The perpetrators flee toward Porte de Pantin across the Place de la République to the north of Paris. They change cars in the Rue de Meaux in the 19th Arrondissement, threaten a driver and run into a pedestrian. In the car left behind, investigators find 10 Molotov cocktails and jihad flags. Had the pair planned additional acts of violence?

That night, haunting scenes are visited upon Reims, a city 90 minutes by car northeast of Paris. Anti-terror police units comb through the suburb of Croix-Rouge -- heavily armed and trailed by a horde of improvident journalists who broadcast the apparently aimless search live. The next day, it is announced that several people have been arrested, including Chérif's wife and brother-in-law.

At midday on Thursday, the suspects are spotted again in northern France, this time in Villers-Cotterêts, a town halfway between Paris and Reims, where they hold up a gas station, stealing fuel and food. They are said to be traveling in a gray compact on their odyssey through France, together with Kalashnikovs and a rocket launcher.

On Friday morning, the two brothers take cover in a factory building in Dammartin-en-Goële near Paris' Charles de Gaulle airport after a wild, high-speed chase. They have taken a hostage.

Midday on Friday, a second hostage situation takes shape at Porte de Vincennes in Paris, where a heavily armed man storms a Jewish supermarket and kills at least two people. The man is reported to have connections to the Kouachi brothers and shot a policewoman in the suburb of Montrouge on Thursday.

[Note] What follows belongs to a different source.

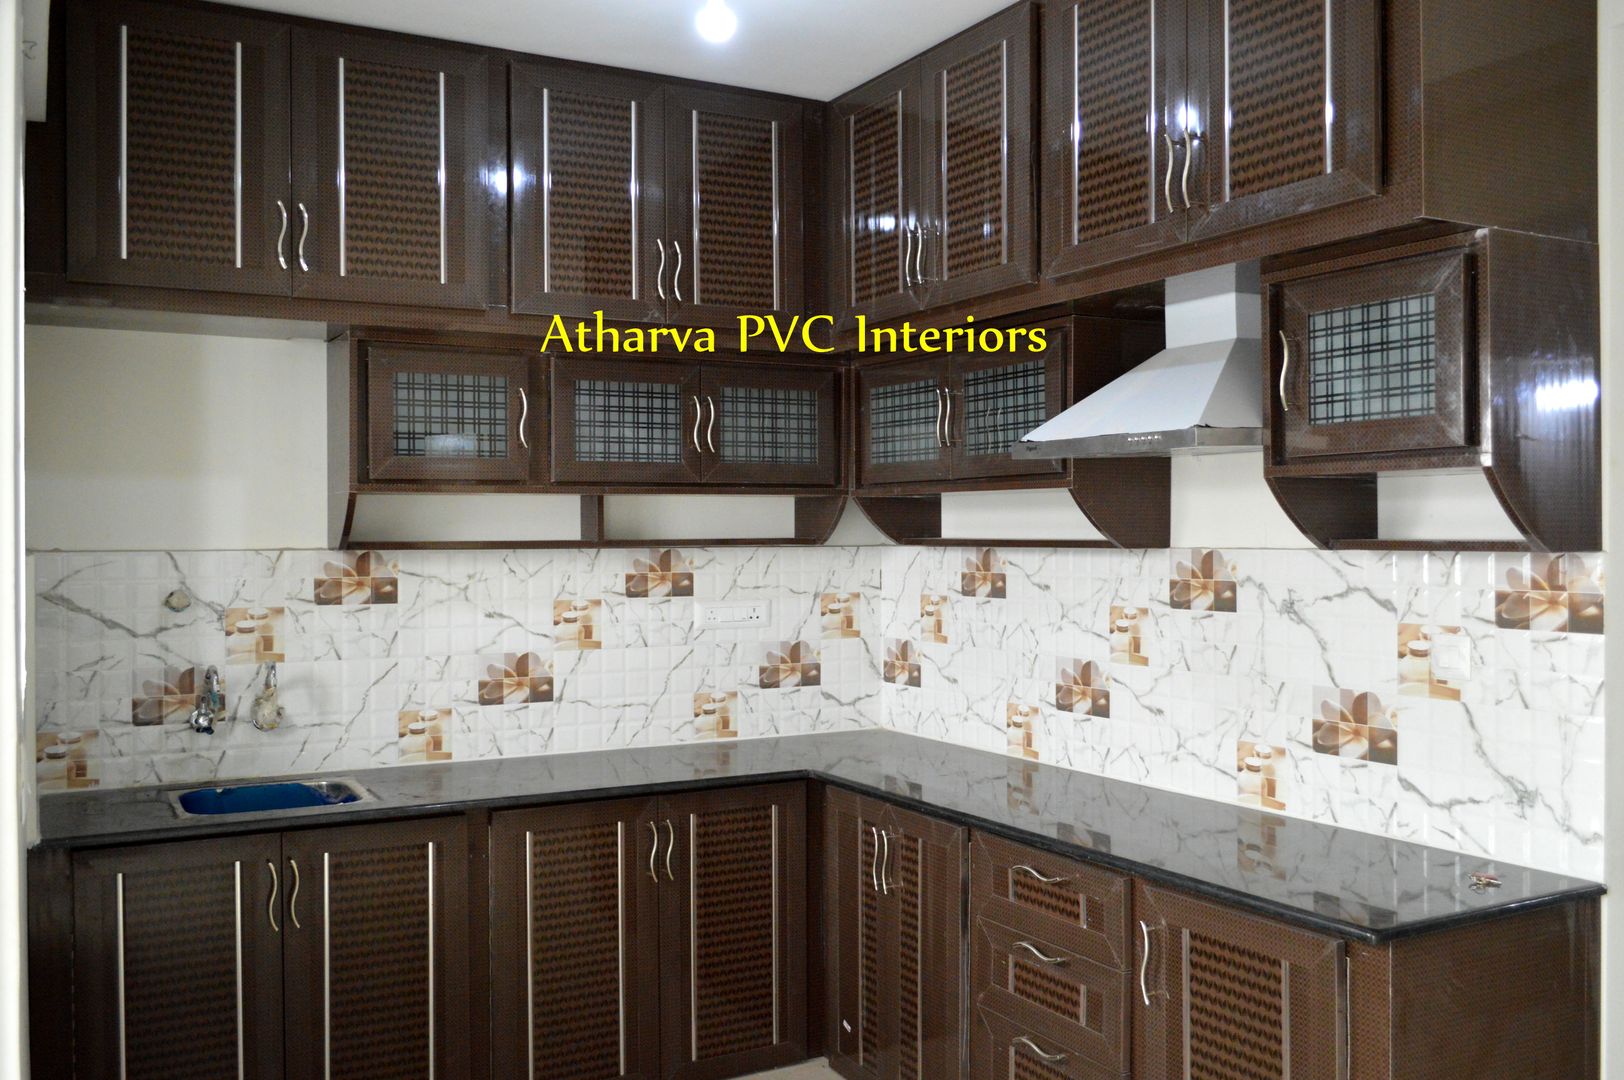 PVC Modular Kitchen cabinets, Atharva PVC Interiors Atharva PVC Interiors Dapur Modern Plastik Cabinets & shelves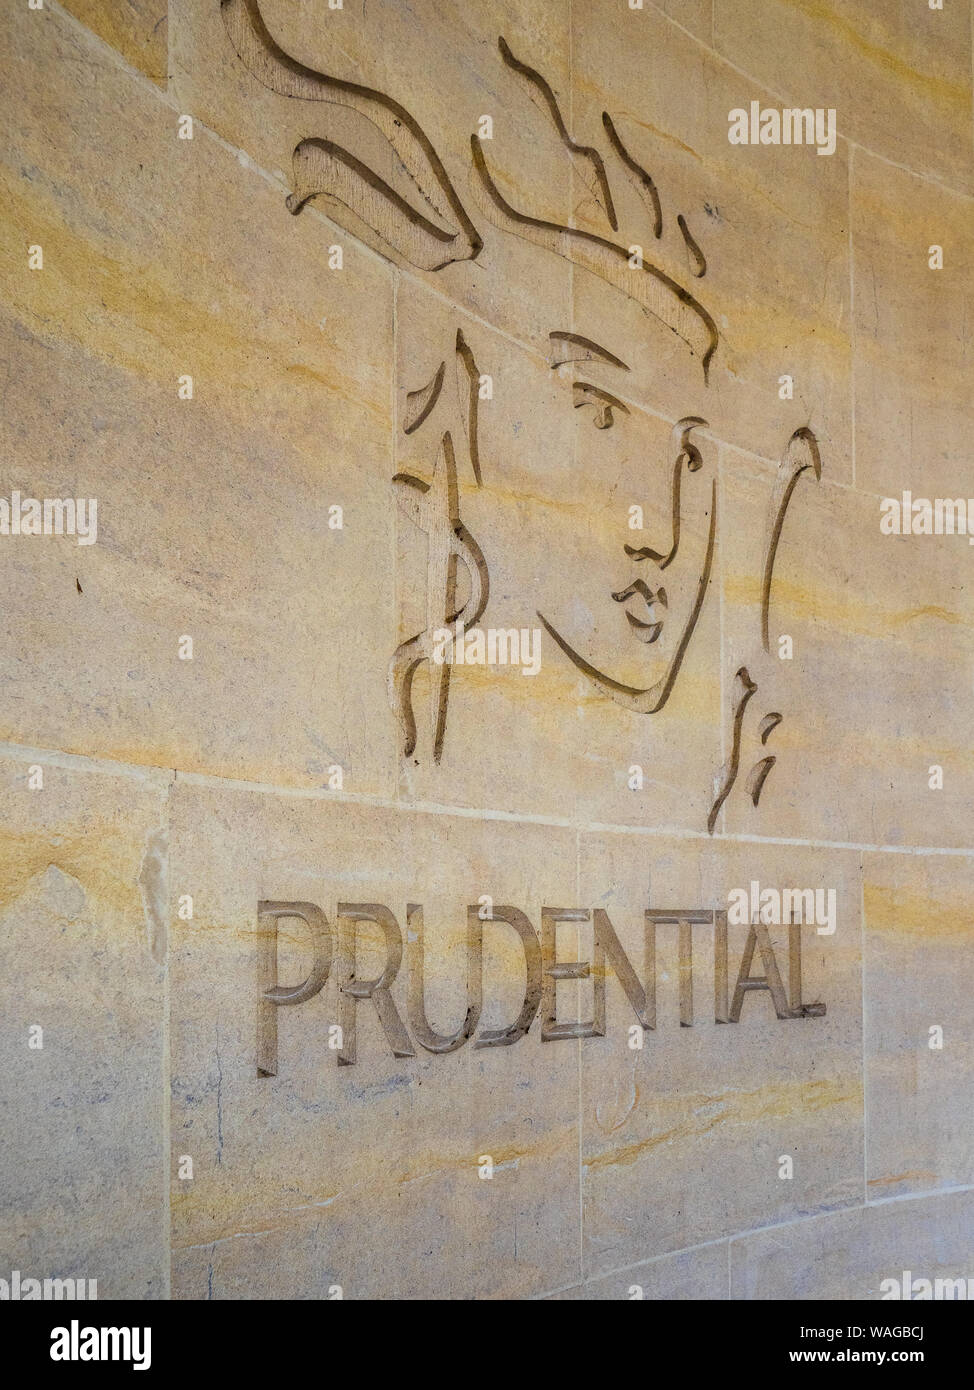 Logo Prudential London - Logo della Prudential Life Insurance and Financial Services Company scolpito nel muro di un edificio nel centro di Londra nel Regno Unito Foto Stock

Thousands of soldiers and police in battlegear take to the streets and the Paris ring road is closed to traffic. Service is suspended on Metro lines and schools are evacuated. Paris is a city in a state of emergency. On Friday afternoon at 5:20 p.m., special forces storm the factory building near Charles de Gaulle and the supermarket at Pote de Vincennes. The two brothers and their accomplice, Amedy Colibaly, as well as another hostage-taker are killed during the deployment. The country is shaken and fears of further attacks are unabated.

Alienation

France has long been plagued by a growing fear of Islam, a worry which has spread through both society and the political classes like a poison. Today, there is an entire class of young Muslims who were born as French citizens but who never found their way into the labor market due to the country's chronic economic troubles. With limited educations and nothing to do, the ghetto-like feel of the banlieues, or suburbs, surrounding Paris and other large French cities led many of them to a feeling of alienation from, or even hostility to, the Repubic.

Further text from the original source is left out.